How to teach students to give and receive constructive criticism using the Praise-Question-Polish method
Teaching students to give and receive constructive criticism builds communication, empathy, and revision skills that improve learning outcomes. This guide introduces a simple Praise-Question-Polish routine and practical classroom activities you can use in a single 30–45 minute session or a short multi-day unit. Use clear structure and consistent language so students learn by doing and reflecting.
Step 1: Introduce the PQP framework
Explain the three parts: Praise (what works), Question (what’s unclear), Polish (one specific suggestion). Keep explanations to 3–4 short sentences and model each part with a 1–2 sentence example. Limit time to 5–7 minutes so students stay focused on concrete roles.
[Illustration: teacher pointing to three labeled columns on a whiteboard: Praise, Question, Polish]
Step 2: Model with a sample work
Use a real or fictional student example and think aloud as you give one praise, one question, and one polish. Keep each comment to 10–20 words and demonstrate neutral, specific language to show tone and focus. Spend 5 minutes so learners see the full process in action.
[Illustration: teacher at desk showing a short student paragraph with three sticky notes labeled P, Q, P]
Step 3: Teach sentence starters
Provide 6–9 sentence starters: three for Praise (e.g., “I liked how…”), three for Question (e.g., “Can you clarify…”), and three for Polish (e.g., “One way to improve is…”). Give students a one-page cheat sheet and practice saying starters aloud for 5 minutes to build fluency.
[Illustration: handout sheet with three columns of sentence starters in different colors]
Step 4: Practice in pairs with timing
Have students work in pairs and exchange work, giving one Praise, one Question, and one Polish within a 6–8 minute round (2 minutes per step). Use a visible timer and rotate roles so each student practices both giving and receiving twice in a 20–25 minute block. Short timed rounds keep feedback concise and focused.

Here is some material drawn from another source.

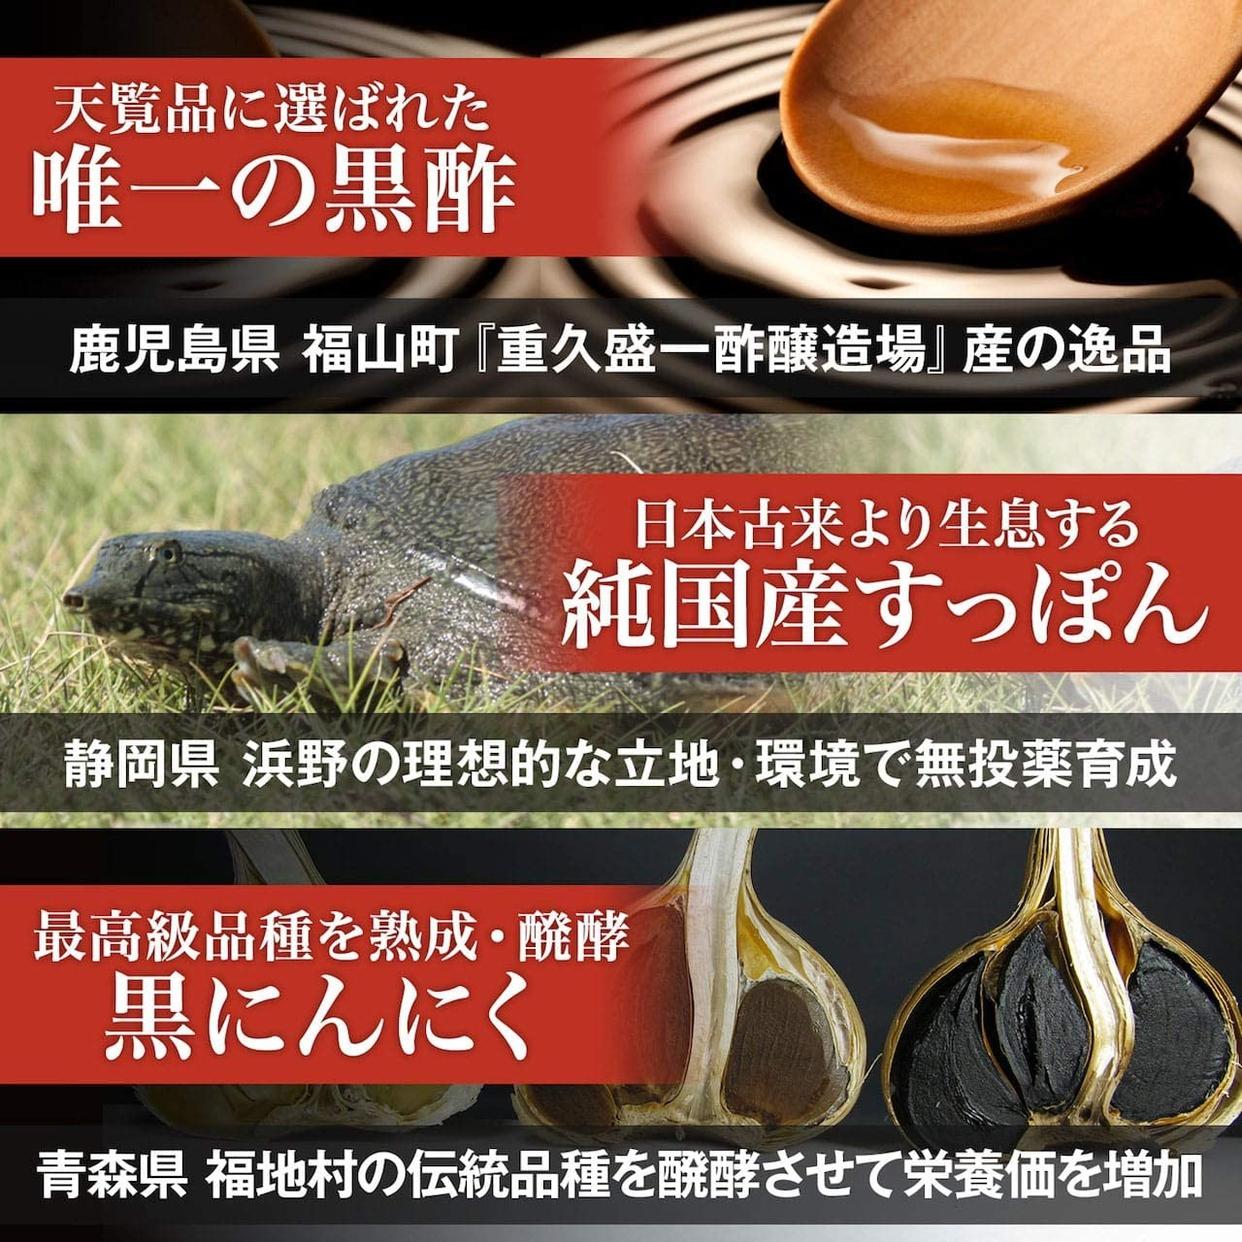 プロスポーツ出版(プロスポーツシュッパン) 国産 命のすっぽん黒酢の商品画像9

[Illustration: two students at a table with a phone timer and paper drafts]
Step 5: Use a feedback checklist
Supply a 3-item checklist for reviewers: specific praise, a clarifying question, and a single actionable polish. Require reviewers to write one-sentence evidence for each item to avoid vague comments. This takes 3–5 minutes per review and increases accountability.
[Illustration: checklist on clipboard with boxes checked in three rows]
Step 6: Teach how to receive feedback
Train recipients to listen silently, paraphrase the feedback in one sentence, and choose one polish to act on within 2–3 minutes. Have them write a brief revision plan with two steps and an expected completion time (e.g., 20 minutes or next class). This builds ownership and reduces defensiveness.
[Illustration: student reading notes, writing a two-step revision plan in a notebook]
Step 7: Hold a whole-class reflection
After 2–3 rounds, spend 8–10 minutes discussing what felt helpful and what was hard, citing 1–2 examples from recent feedback. Record patterns on the board to set goals (e.g., “more specifics,” “kinder tone”) and assign one classroom norm to practice next time. Reflection cements learning and identifies classroom norms.
[Illustration: classroom circle discussion with teacher writing norms on a whiteboard]
Step 8: Gradually increase complexity
Move from short paragraphs to longer projects or presentations over several weeks, requiring 2–3 PQP comments per reviewer and 10–15 minute review sessions. Periodically assess student progress with a short rubric and celebrate improvements to reinforce the skillset.
[Illustration: stack of student projects with colored feedback stickers]
Step 9: Establish routine and revisit
Set PQP as a regular part of workshops — for example, every Friday or before major drafts — and revisit the method in brief 5-minute refreshers each month. Consistent practice (at least once every 2 weeks) turns the approach into a classroom habit.
[Illustration: calendar with recurring PQP practice blocks highlighted]
- Model tone and wording before expecting students to do it themselves.
- Limit each reviewer to one actionable polish to keep revisions manageable.
- Use anonymous samples initially for shy students to reduce anxiety.
- Rotate partners every session so students experience varied perspectives.
- Provide quick written rubrics for different skill levels (3–5 criteria).
- Praise effort and specificity to reinforce useful feedback.
- Allow quiet reflection time after receiving feedback to prevent immediate defensiveness.
- Encourage students to log one improvement per assignment to track growth.
- Avoid allowing long lists of vague praise like “good job” — require specifics.
- Do not let questioning become personal; keep comments about the work, not the person.
- Watch for dominant students who give too many suggestions; set a maximum of three comments.
- Avoid overediting: a single, clear polish is better than multiple competing directions.